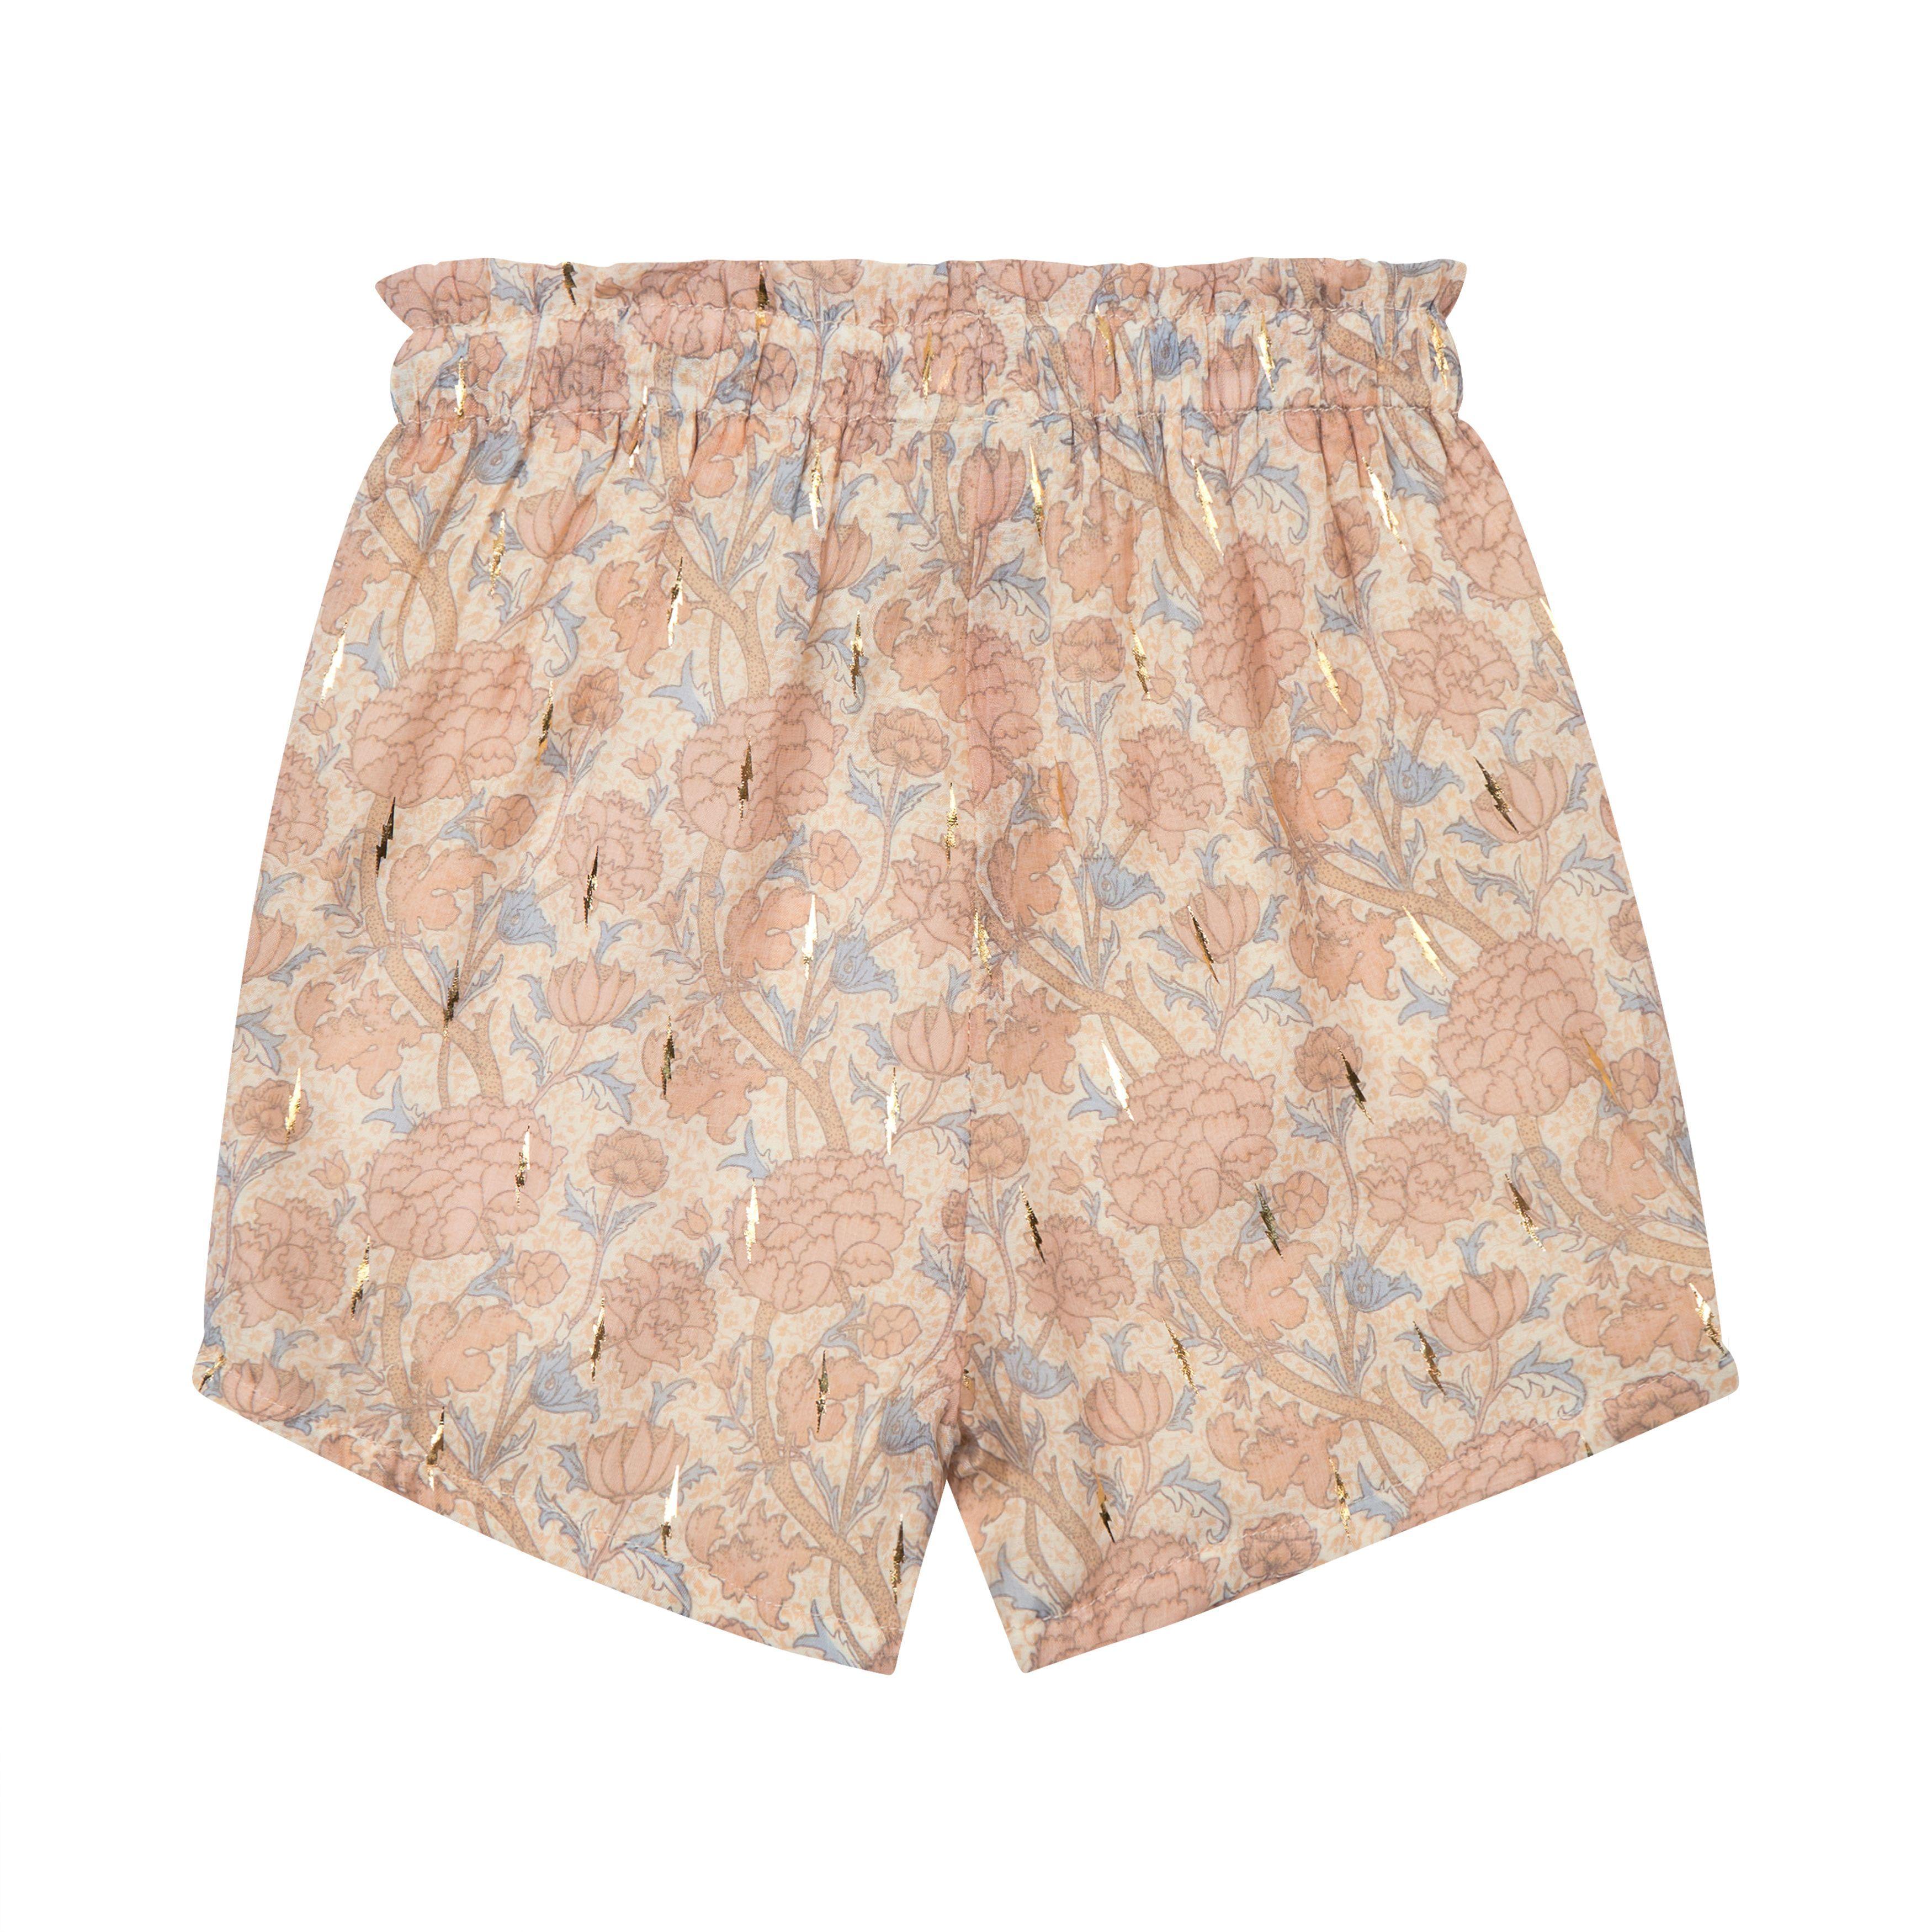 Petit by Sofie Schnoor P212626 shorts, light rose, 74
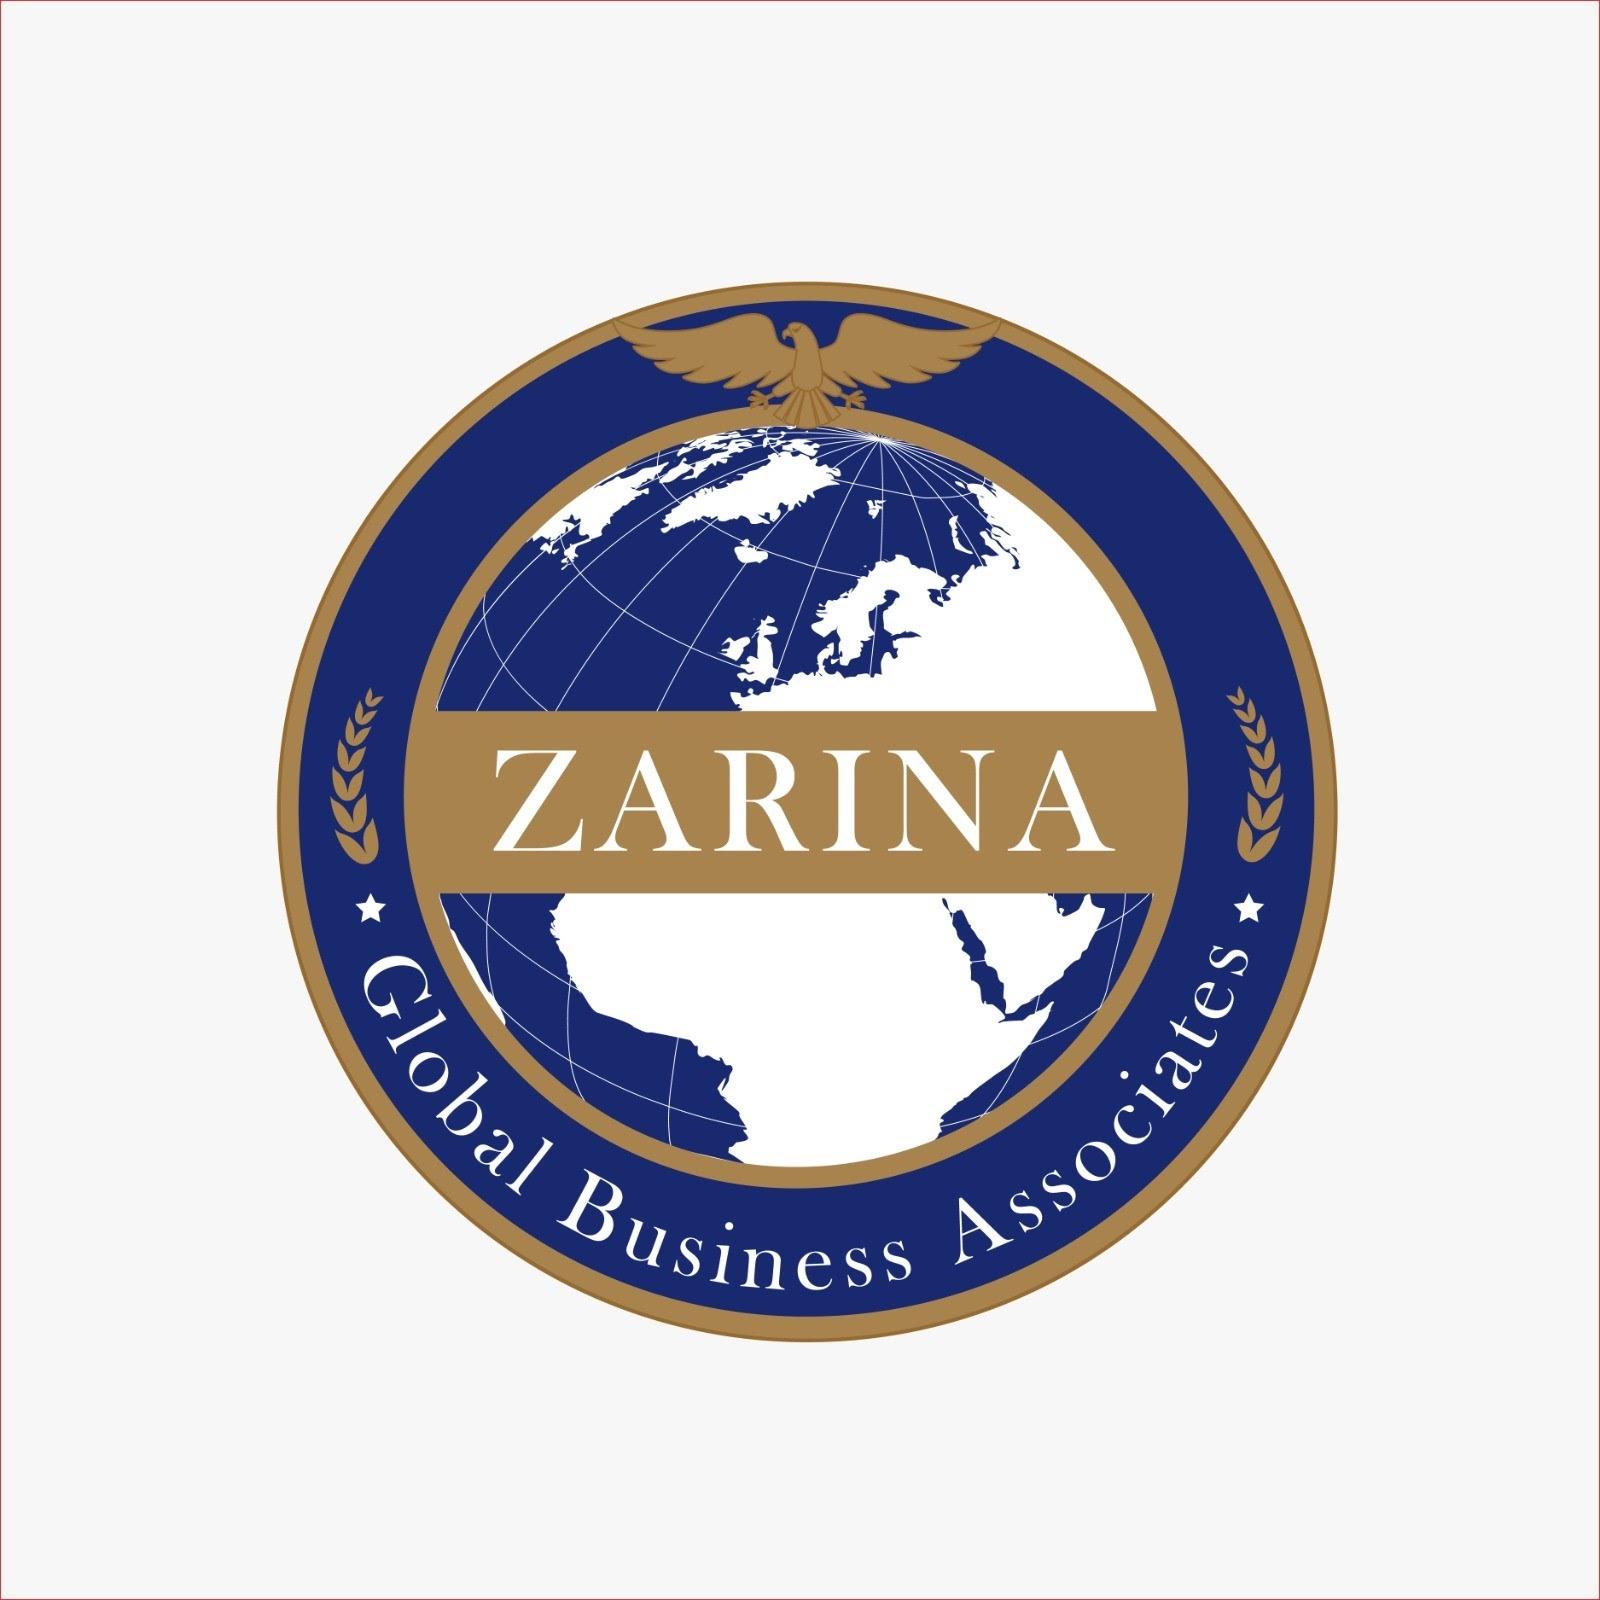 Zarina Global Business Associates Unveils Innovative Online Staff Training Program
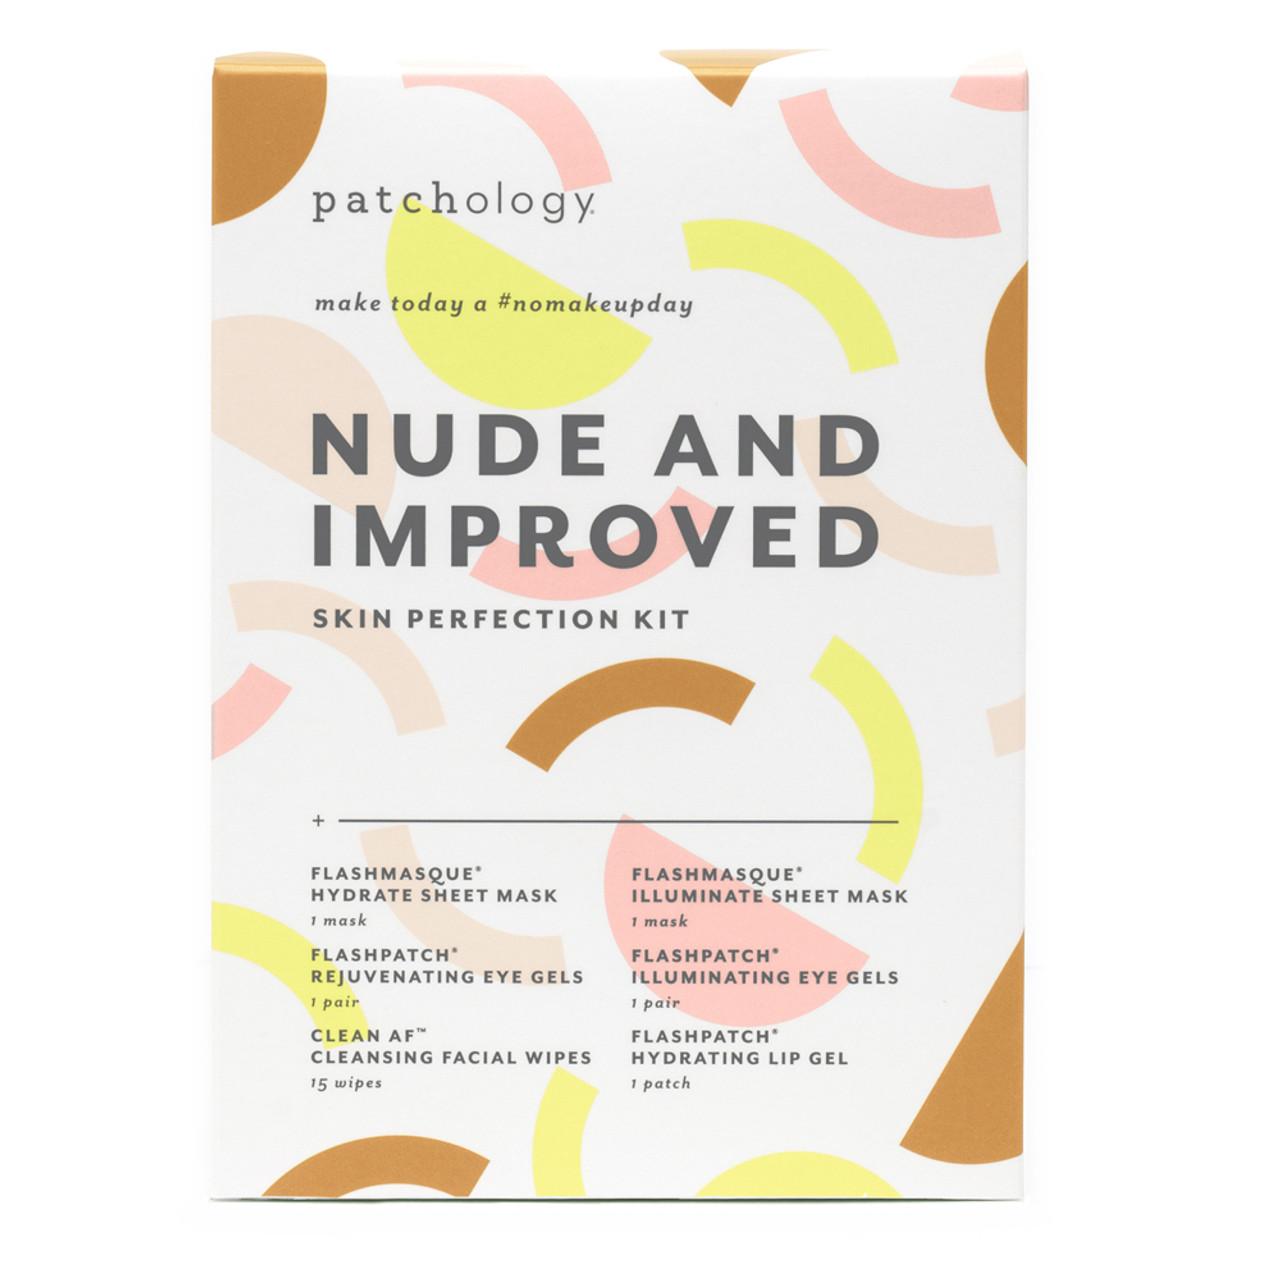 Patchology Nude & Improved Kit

****************

> [What is being asked] Apart from the images, print all the material above exactly as given.

> [Task response]
 Petit by Sofie Schnoor P212626 shorts, light rose, 74
 Zarina Global Business Associates Unveils Innovative Online Staff Training Program
 Patchology Nude & Improved Kit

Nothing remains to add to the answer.